Sir

Martin Kemp's1 article “Visible viruses” incorrectly credits Brenner and Horne with introducing negative staining and Wildy and Watson with recognizing the parallels between virus structure and Buckminster Fuller's geodesic domes. His discussion of capsid design omits key points.

H. E. Huxley's2 high-resolution study of tobacco mosaic virus made the ‘outline’ of the virus visible, with a clear hole down the middle, saying: “This ‘outlining’ technique ⃛ is so simple and gives excellent contrast and resolution”.

Caspar and Klug's3 comparison of the geodesic domes of Buckminster Fuller to the viral capsid design is discussed by Marks4: “Dr A. Klug and Dr J. T. Finck [sic] ⃛ wrote to Fuller enclosing published reports of their discovery of the icosa-geodesic structuring of the polio virus. In conversations with Fuller ⃛ they intimated that all spherical viruses comprise geodesic arrangements of proteins in systems similar to Fuller's frequency modulated geodesic structures.”

Finally, Kemp asks whether capsid design is constrained by the physical principles underlying macromolecular assemblies, by the principles governing the encoding of design in the genome, or both. The question revolves around function and inheritability — how does the virus genome protect itself in transit between cells?

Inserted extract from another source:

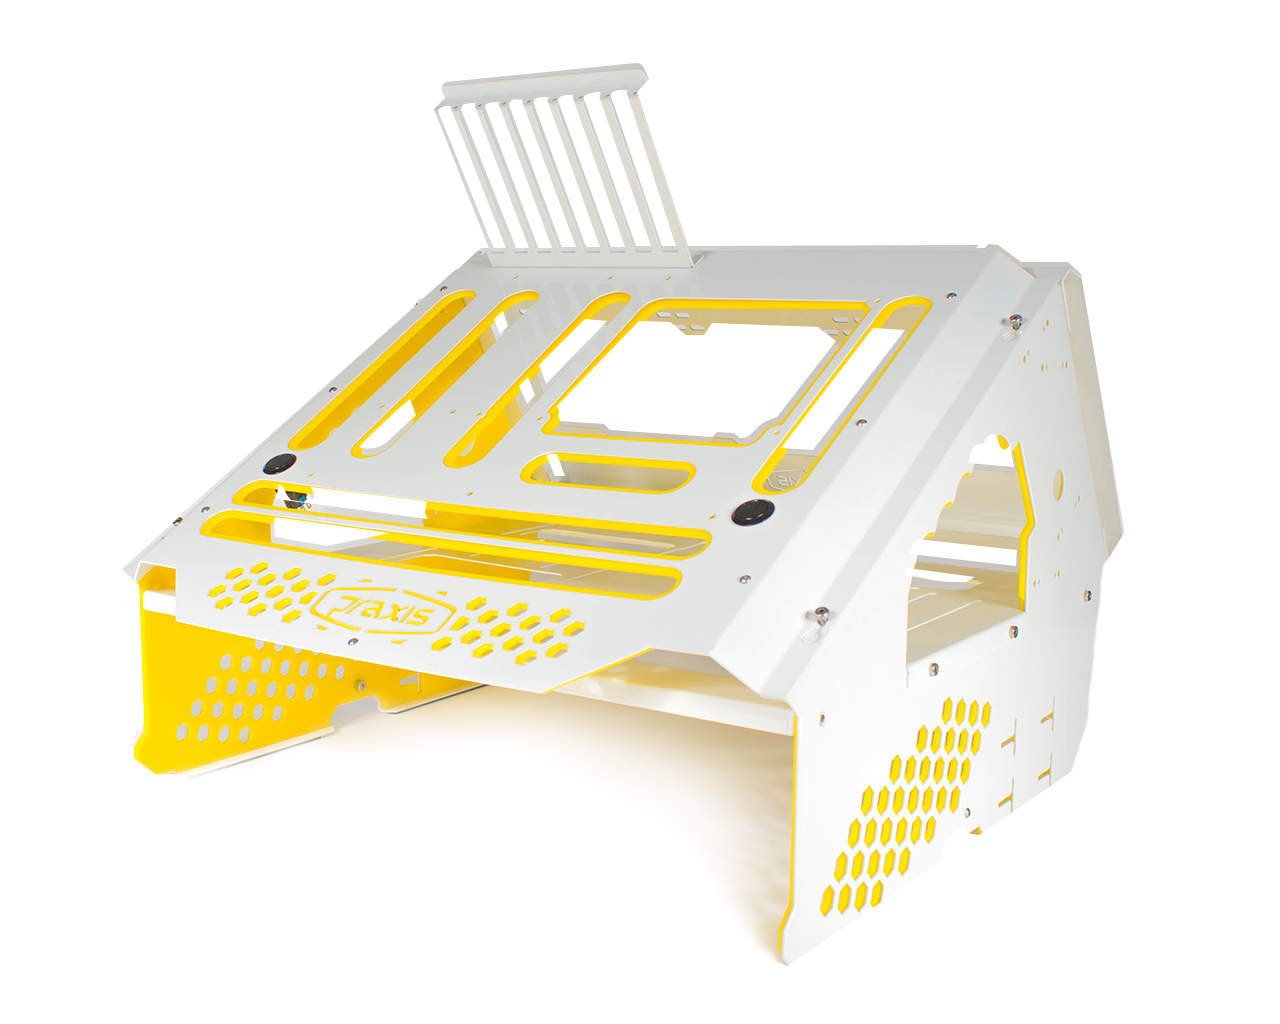 PrimoChill's Praxis Wetbench Powdercoated Steel Modular Open Air Computer Test Bench for Watercooling or Air Cooled Components - PrimoChill - KEEPING IT COOL White w/Solid Yellow Accents

A simple solution was proposed by Crick and Watson5, who considered how to fit the information for a large container into a small genome. They argued that the repeated use of a single protein to form a symmetric viral capsid could require as little as one gene, making efficient use of genetic information. Today, asymmetrical designs, like those of the cytoskeleton, capture our imagination. Their routes to self-assembly, unlike the pathway described by Lewis Carroll, do not keep “one principle object in view — to preserve its symmetrical shape”.